EXERCISE DESCRIPTION: Your answer should be the full data, transcribed exactly, with no pictures in it.

DATASET EXCERPT:
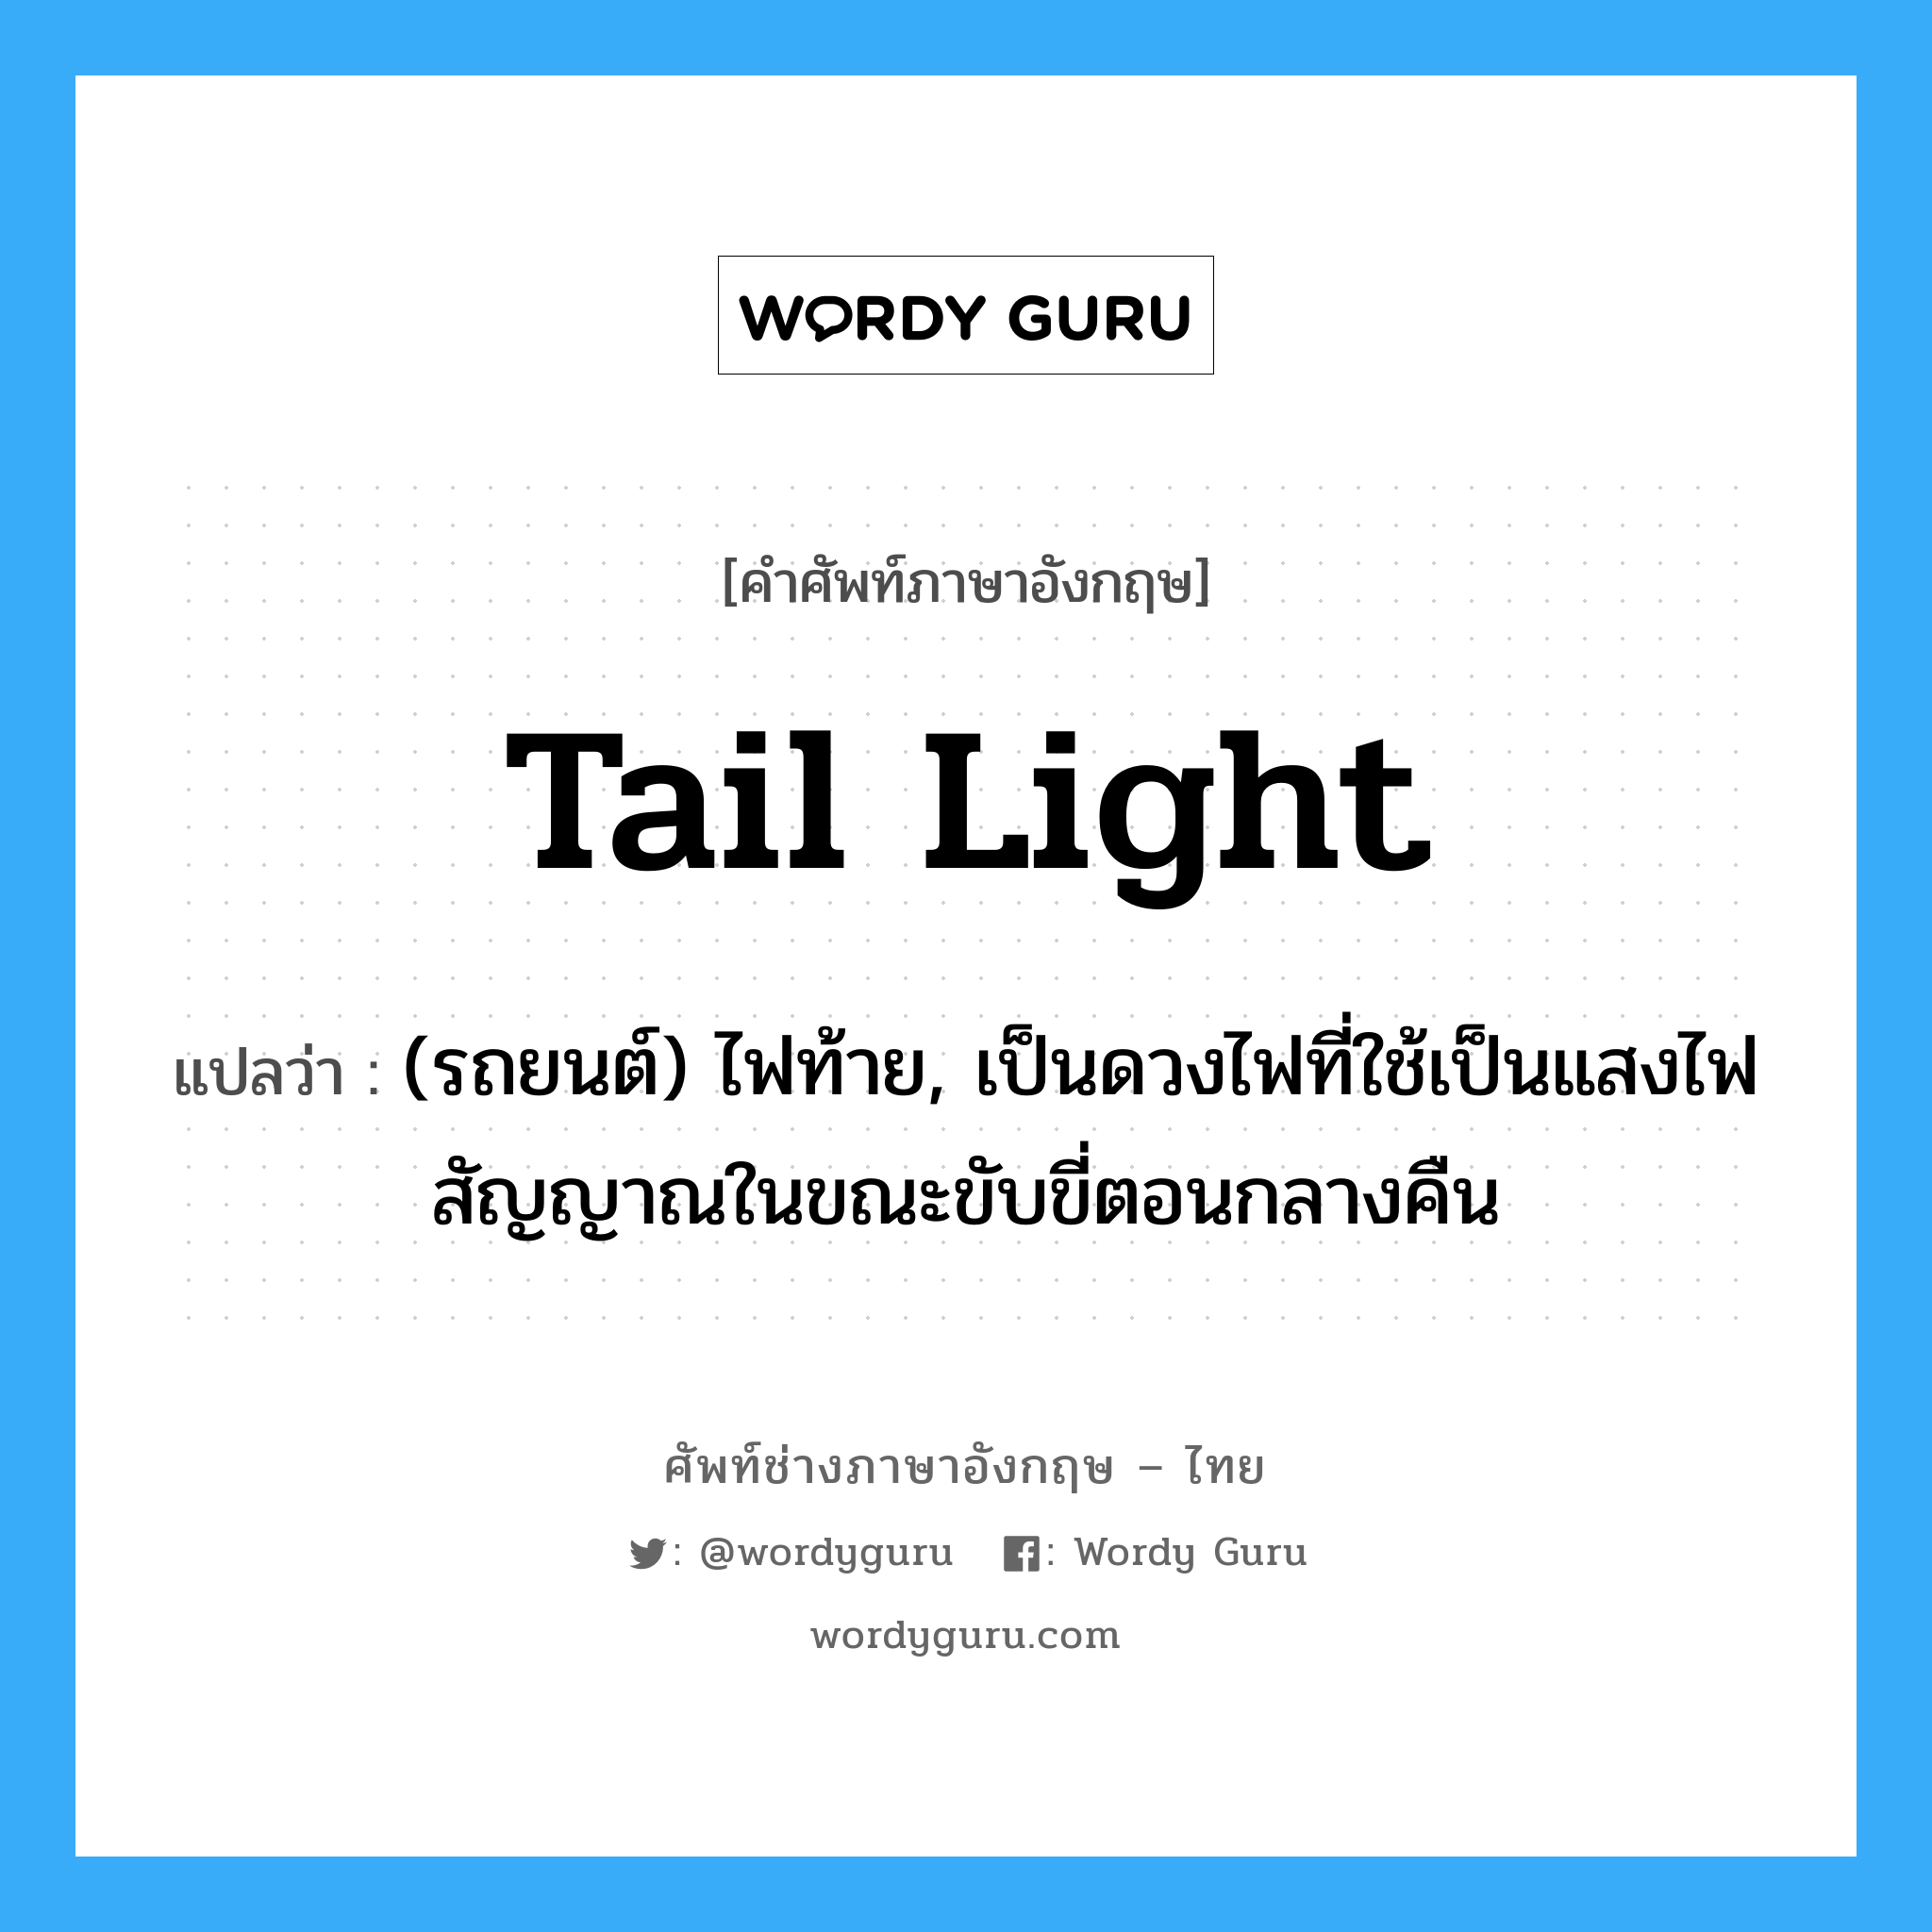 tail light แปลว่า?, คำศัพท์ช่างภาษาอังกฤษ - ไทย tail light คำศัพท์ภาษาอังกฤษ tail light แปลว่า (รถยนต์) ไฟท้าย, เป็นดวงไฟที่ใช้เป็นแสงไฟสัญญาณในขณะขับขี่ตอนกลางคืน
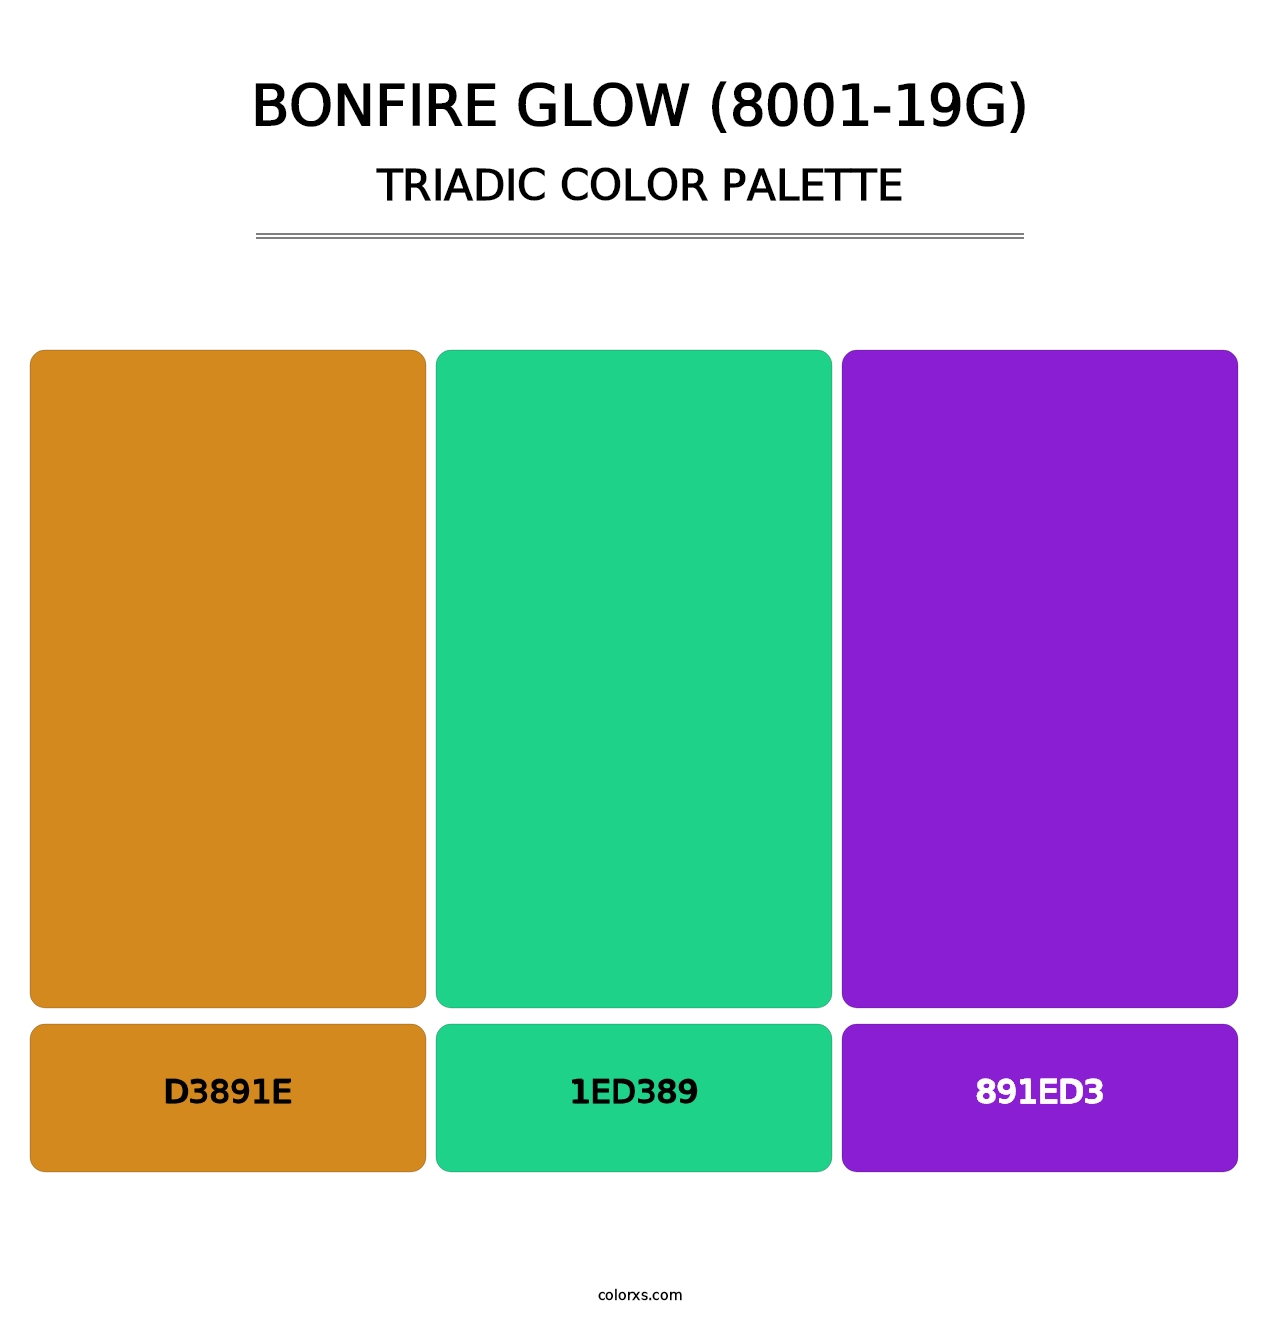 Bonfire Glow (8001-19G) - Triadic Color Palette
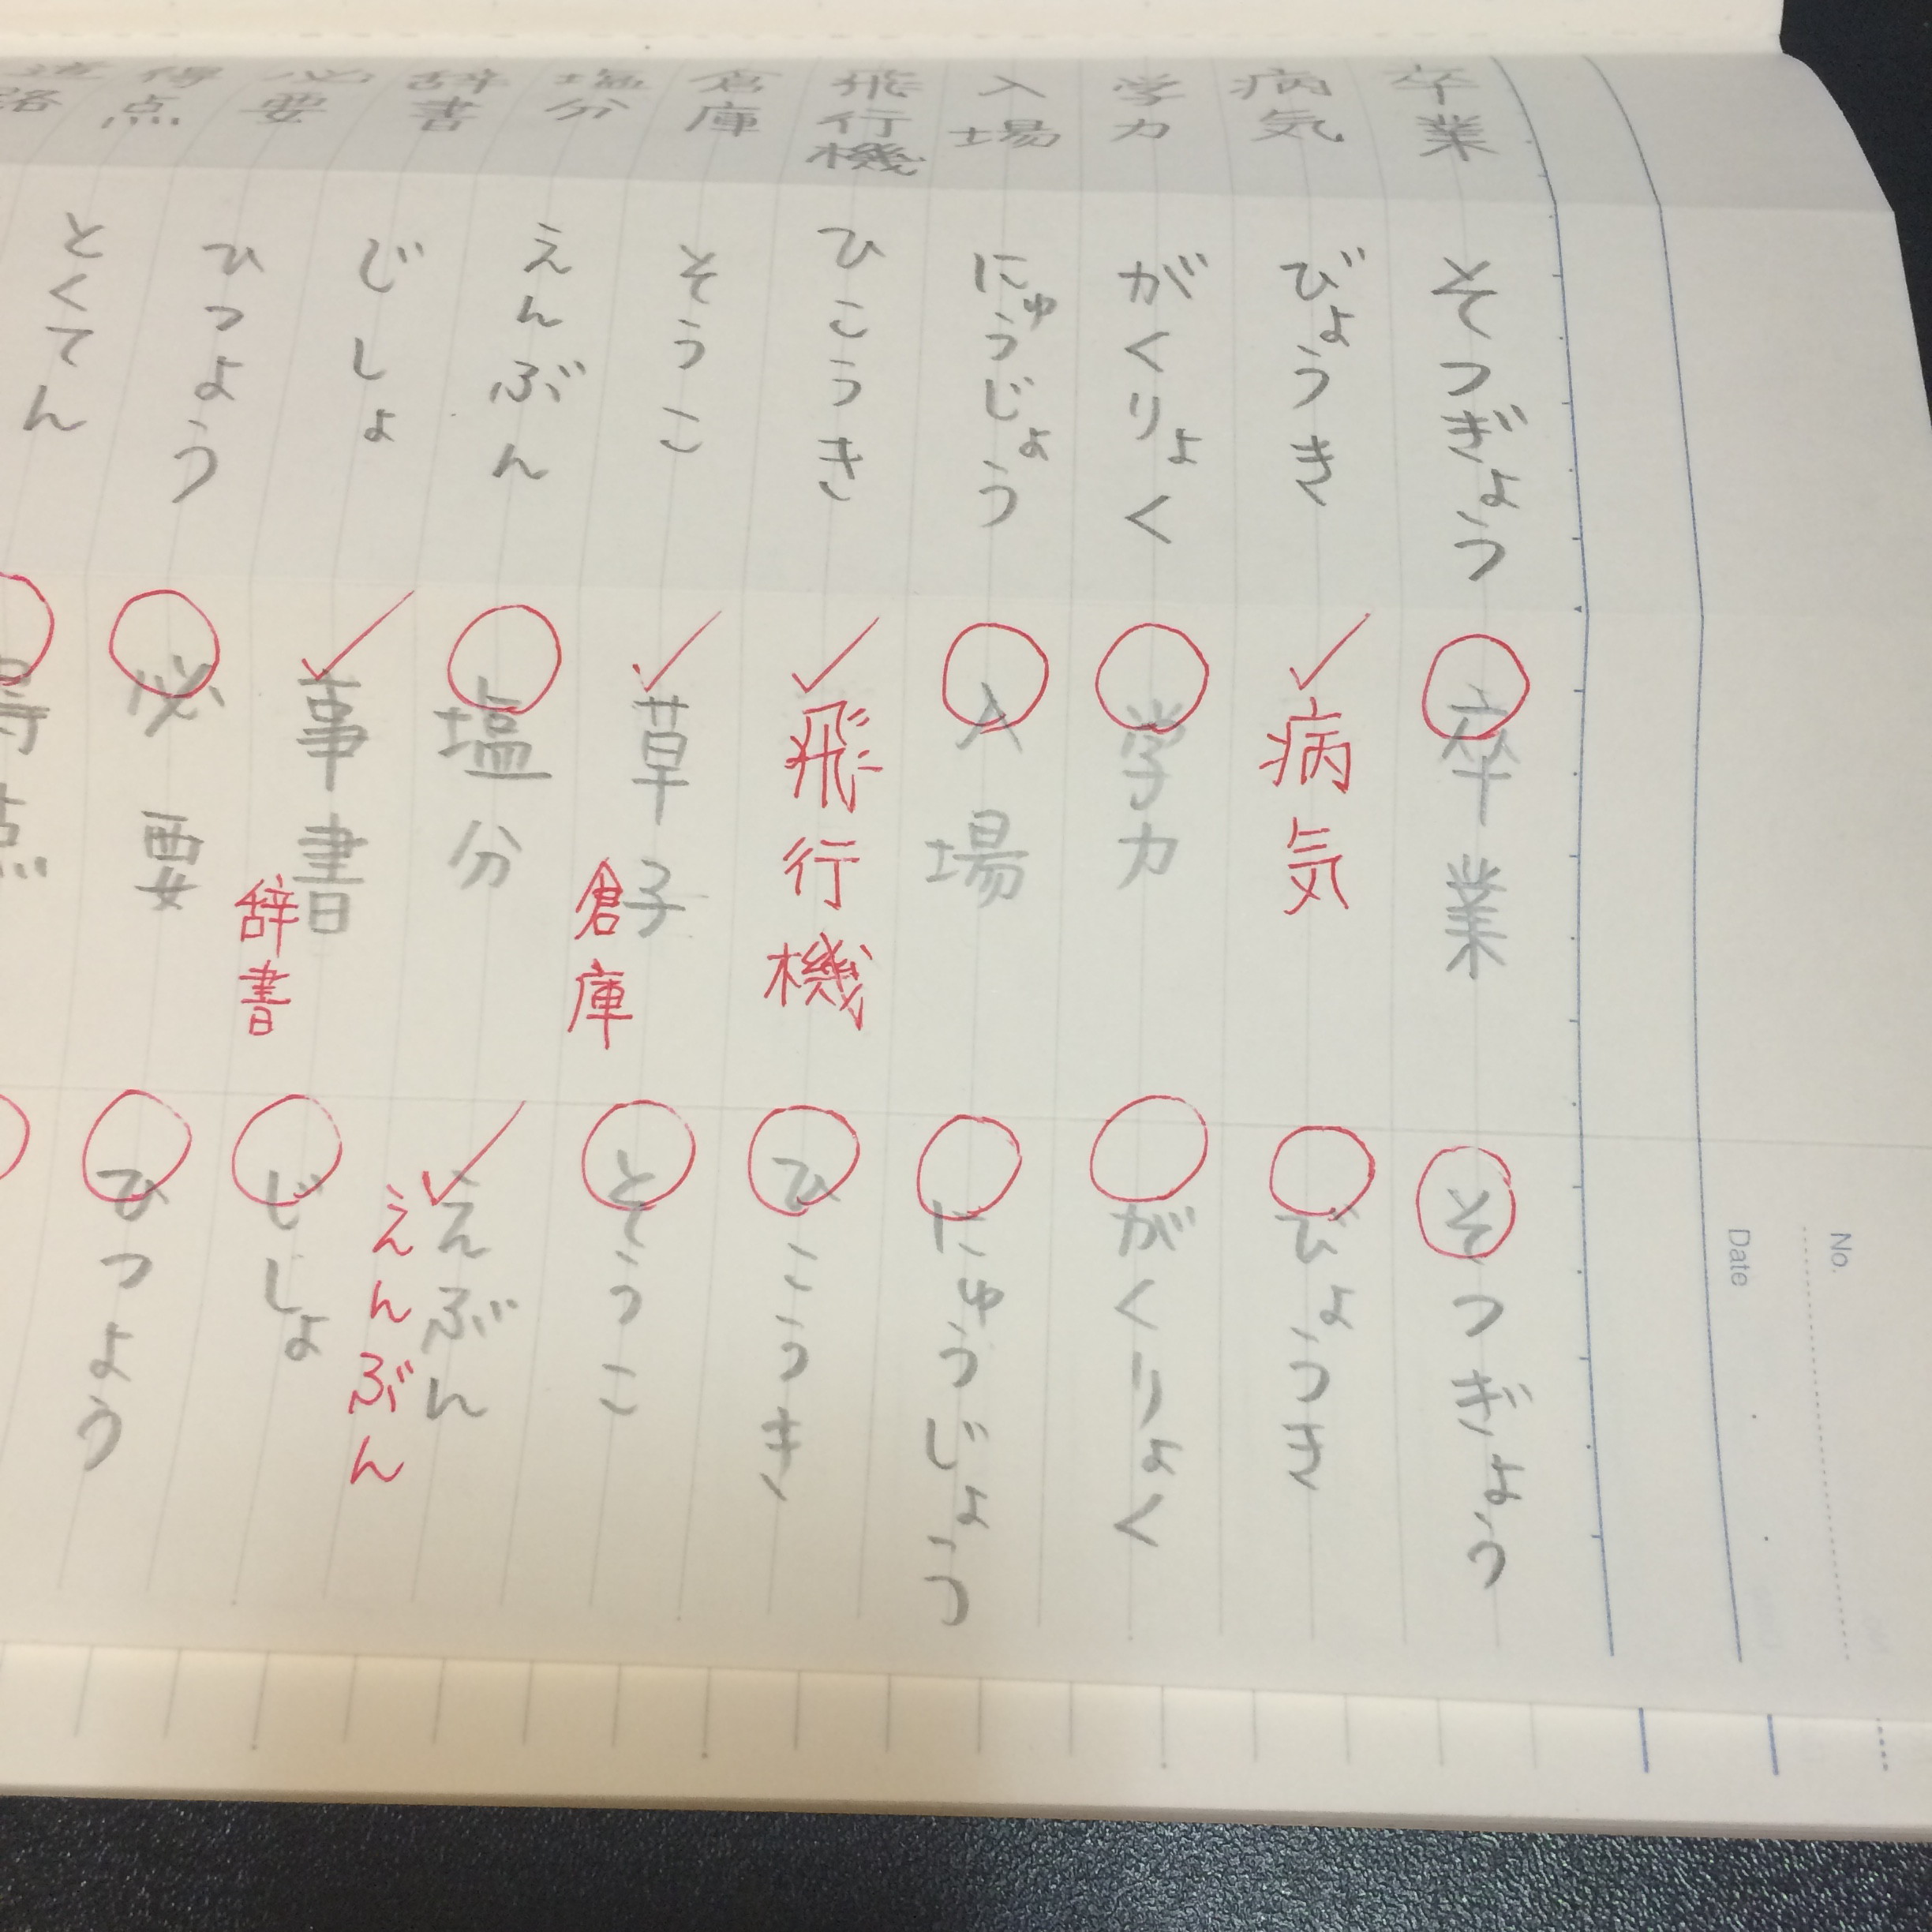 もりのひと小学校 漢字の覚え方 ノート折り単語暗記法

TASK ANSWER:
 tail light แปลว่า?, คำศัพท์ช่างภาษาอังกฤษ - ไทย tail light คำศัพท์ภาษาอังกฤษ tail light แปลว่า (รถยนต์) ไฟท้าย, เป็นดวงไฟที่ใช้เป็นแสงไฟสัญญาณในขณะขับขี่ตอนกลางคืน
 Bonfire Glow (8001-19G) - Triadic Color Palette
 もりのひと小学校 漢字の覚え方 ノート折り単語暗記法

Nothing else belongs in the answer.